▸ **EXERCISE**
Each line from the one holding "T-shirt Ana Burnt Coral" to the last line below must be restated word for word, and no picture may be included.

▸ **DATASET EXCERPT**
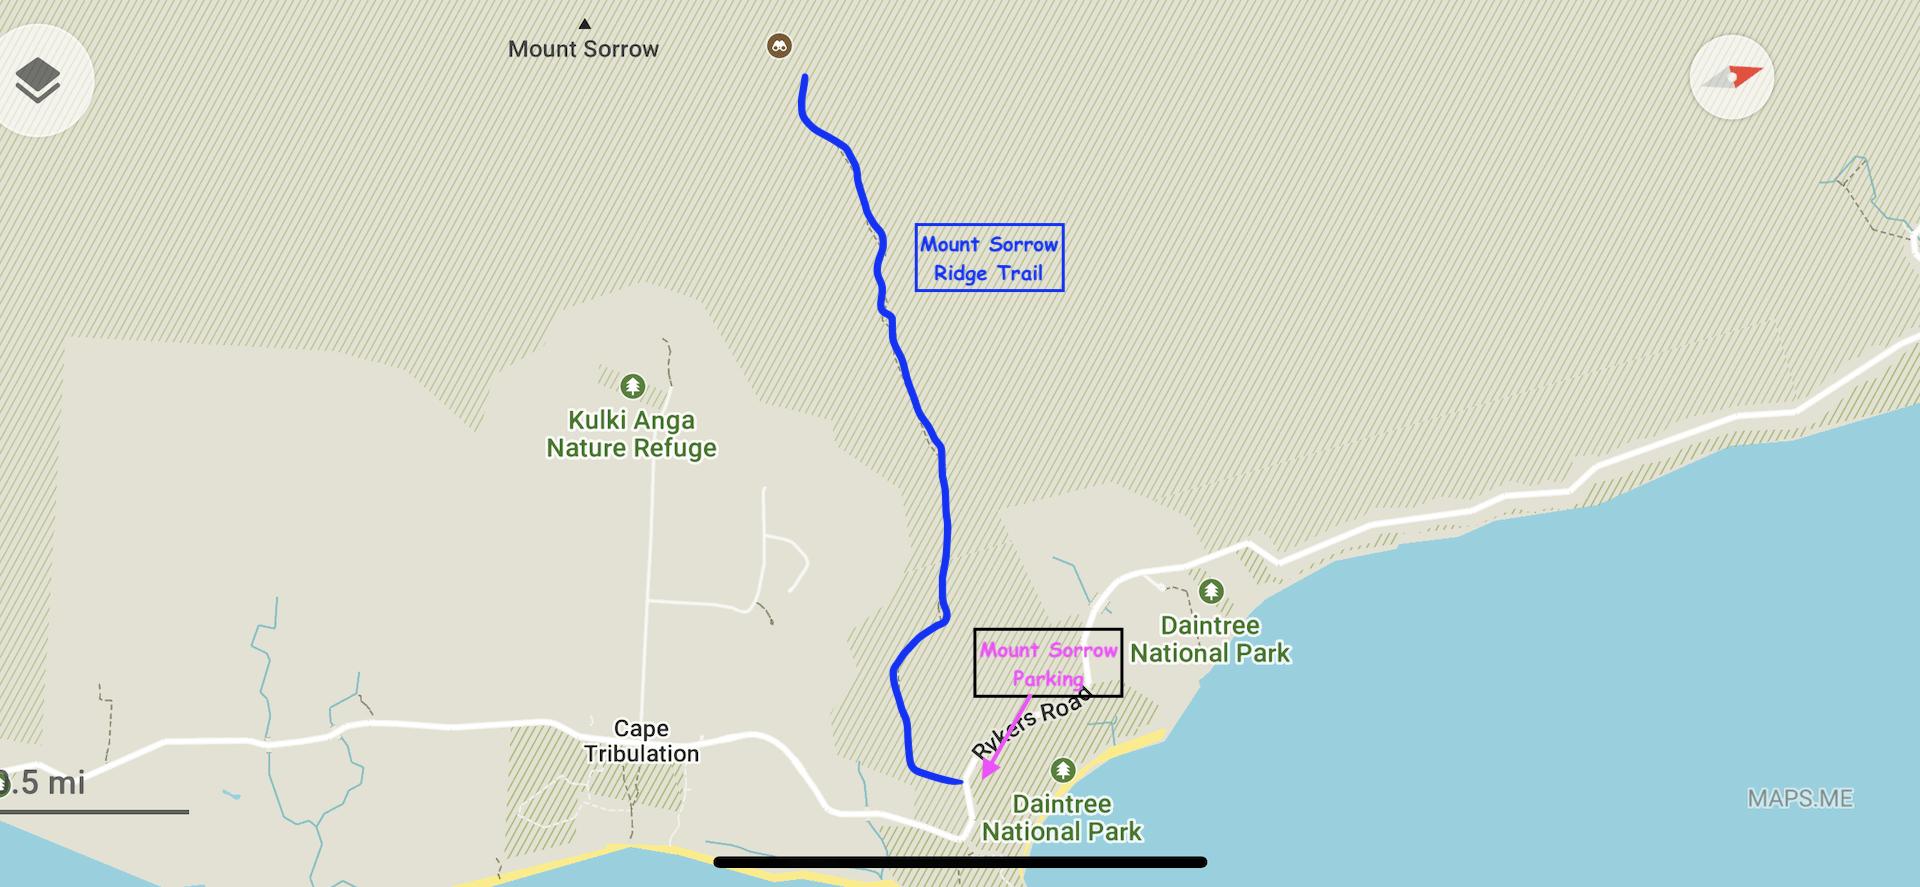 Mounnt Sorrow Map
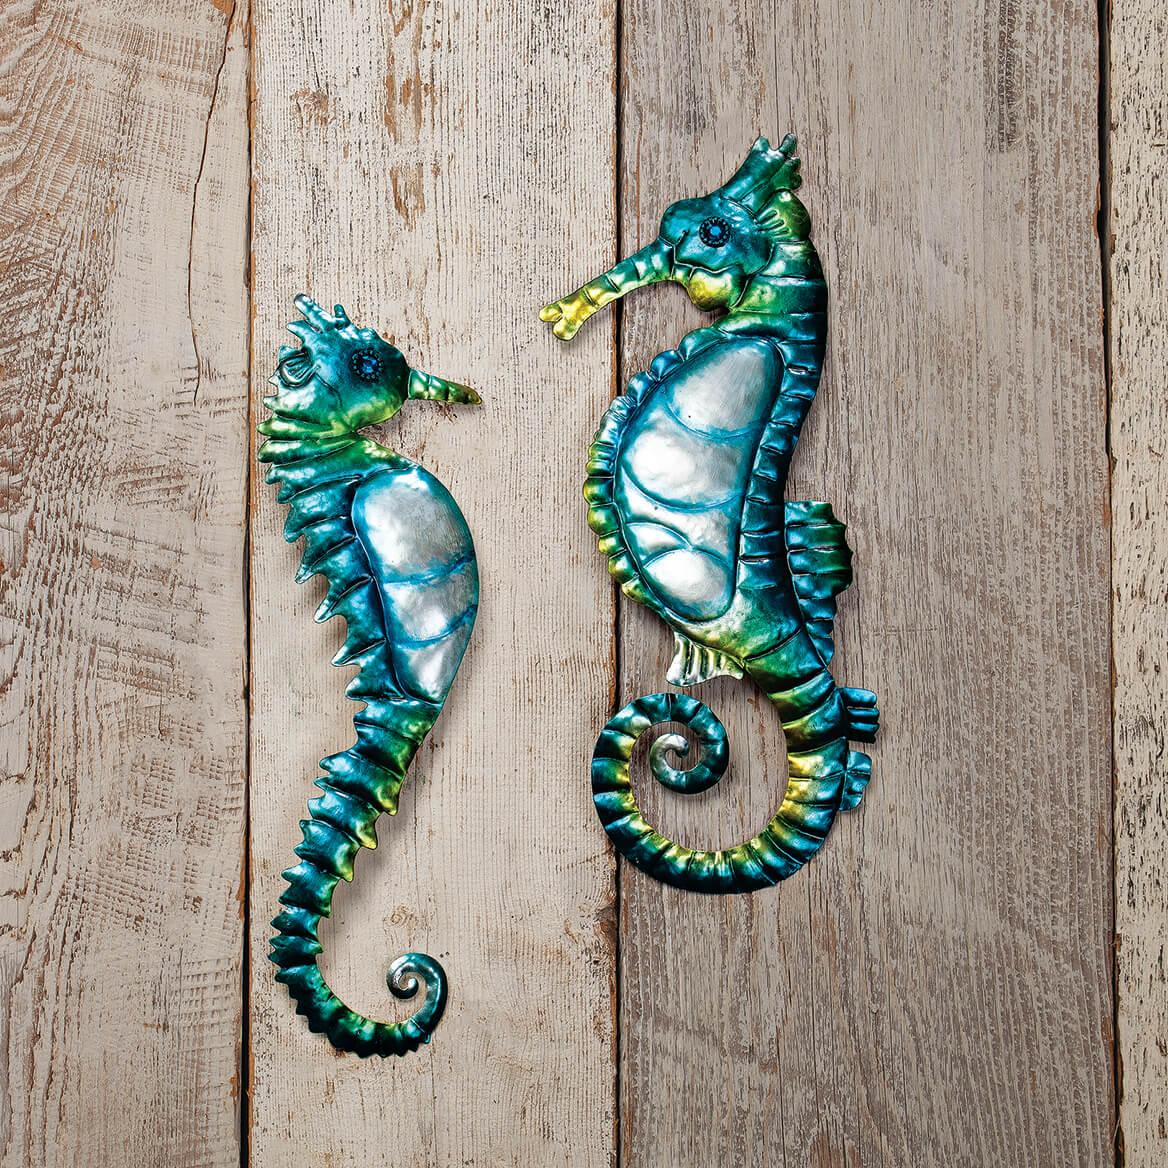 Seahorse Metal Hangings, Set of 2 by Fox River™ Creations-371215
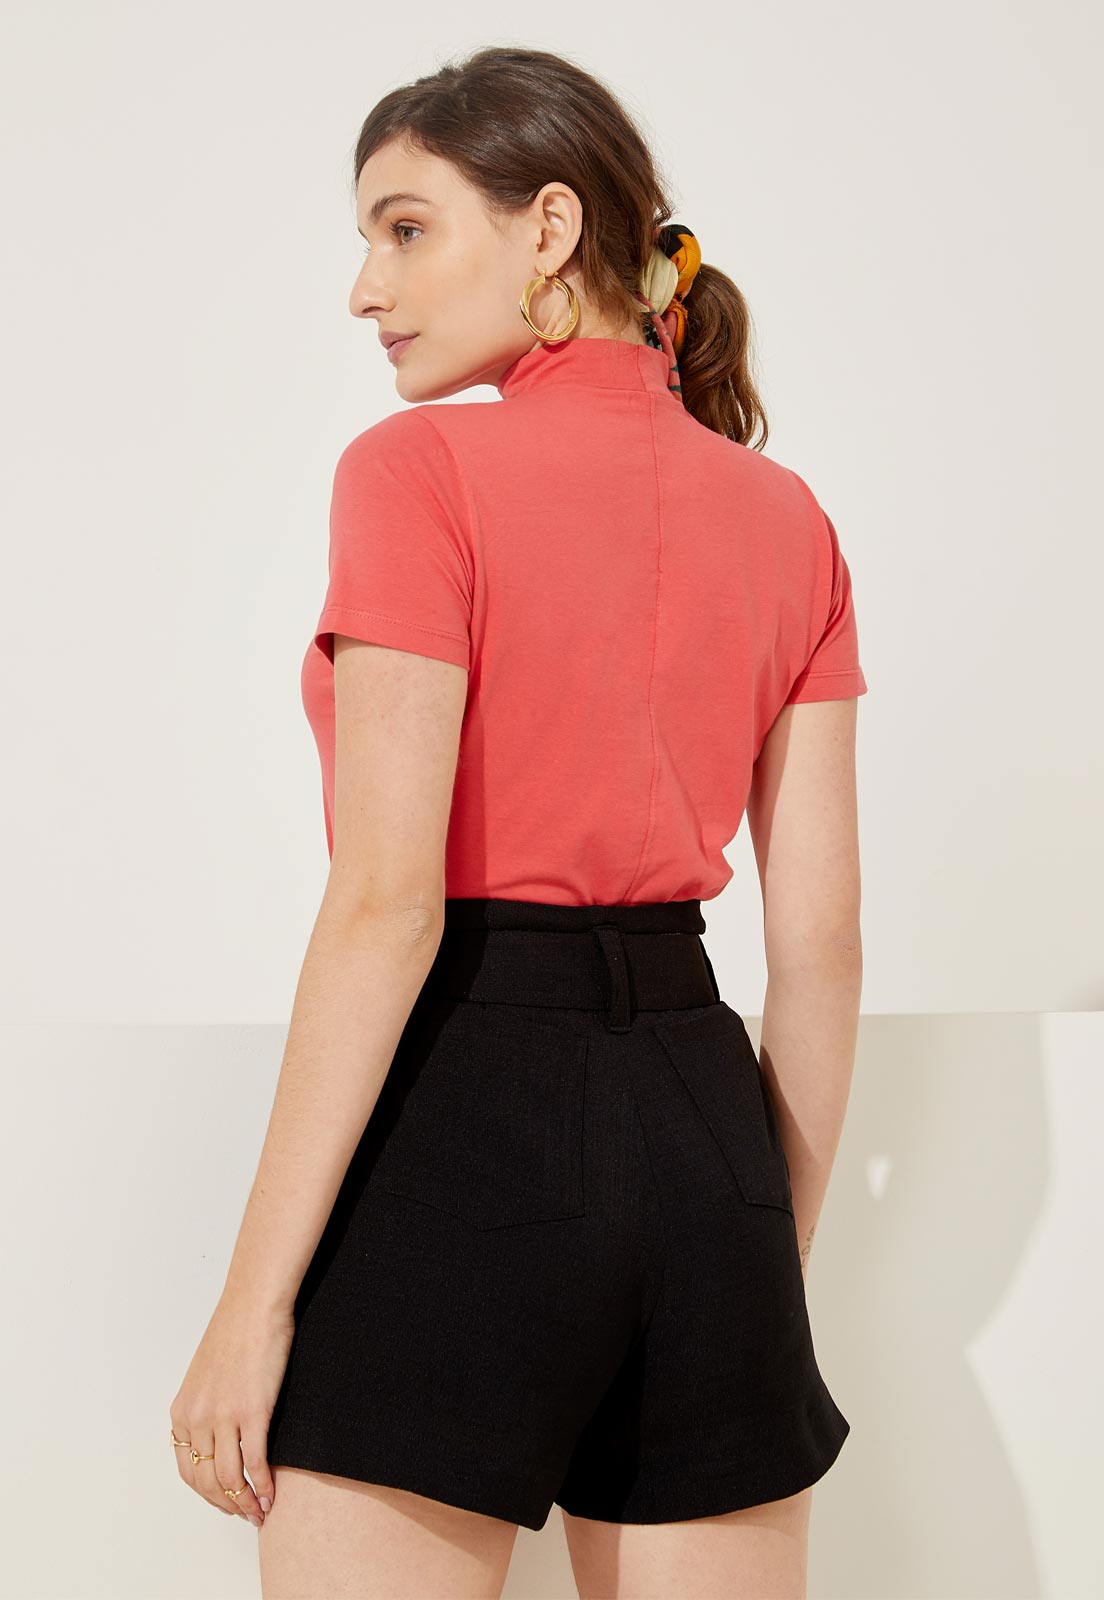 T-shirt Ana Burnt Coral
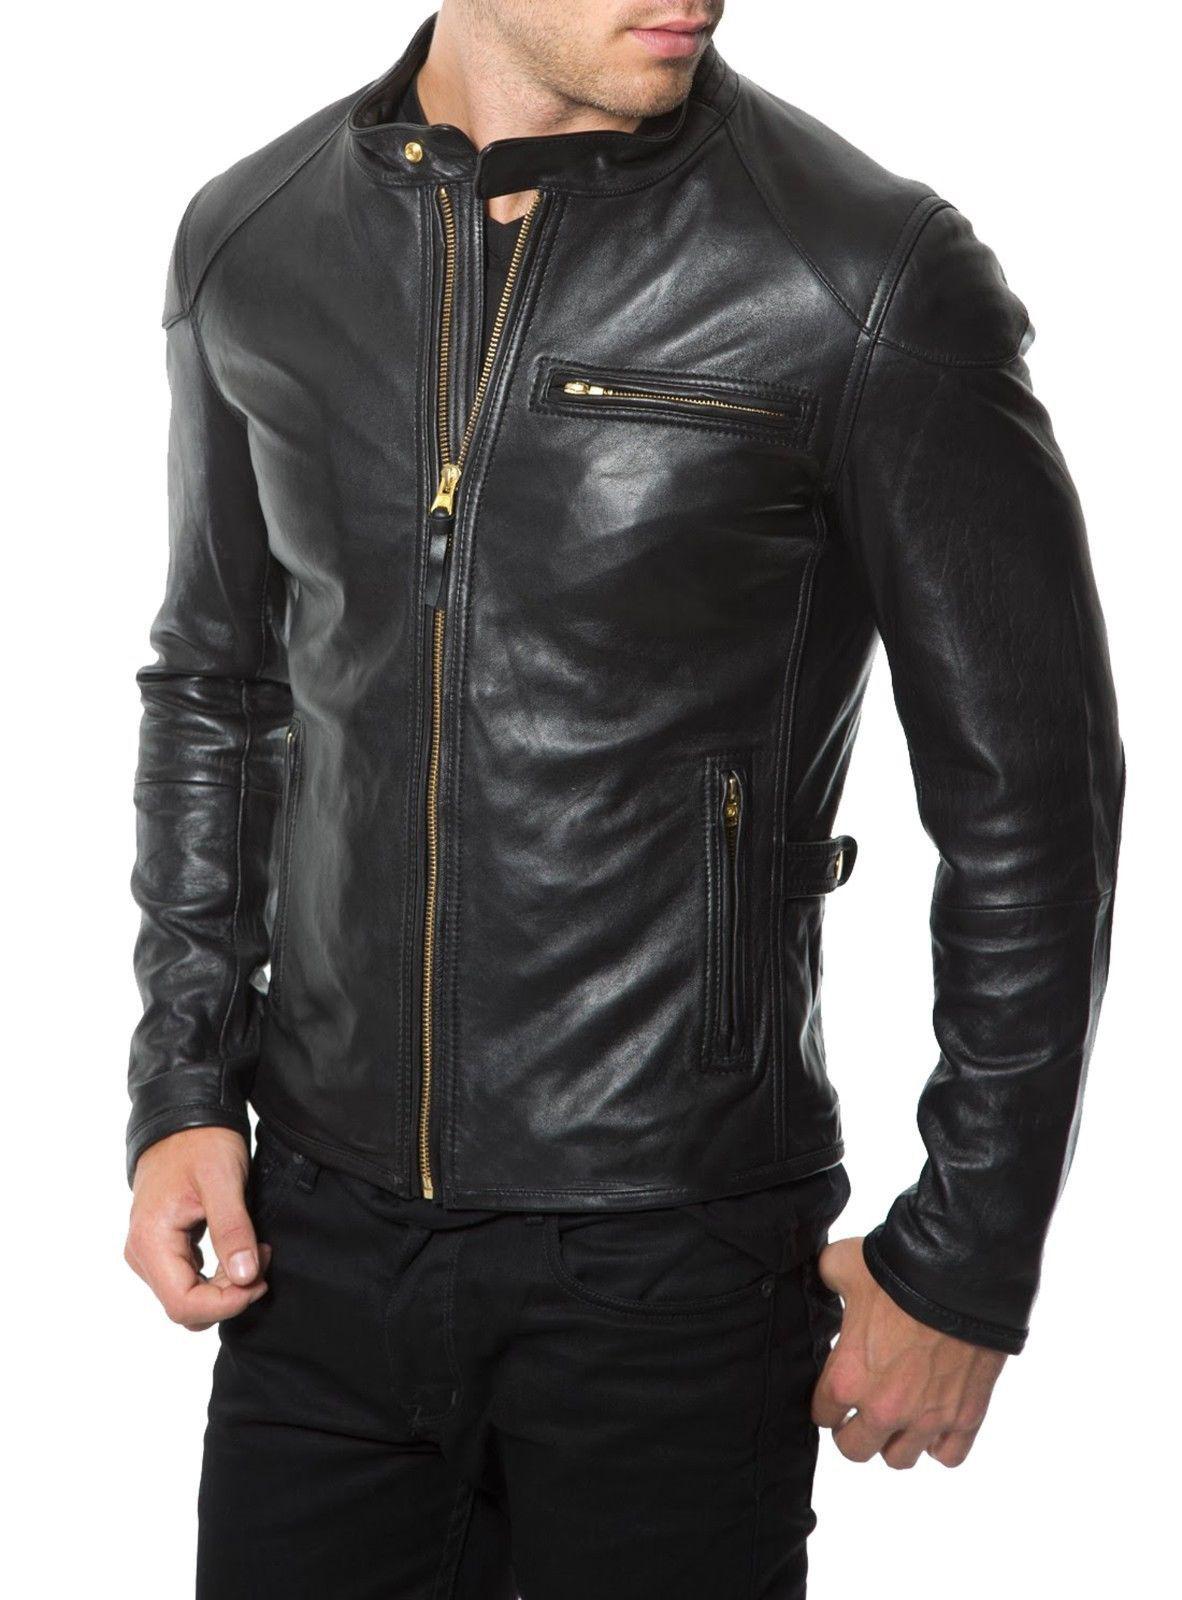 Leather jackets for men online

▸ **FINISHED TASK**
 T-shirt Ana Burnt Coral
 Leather jackets for men online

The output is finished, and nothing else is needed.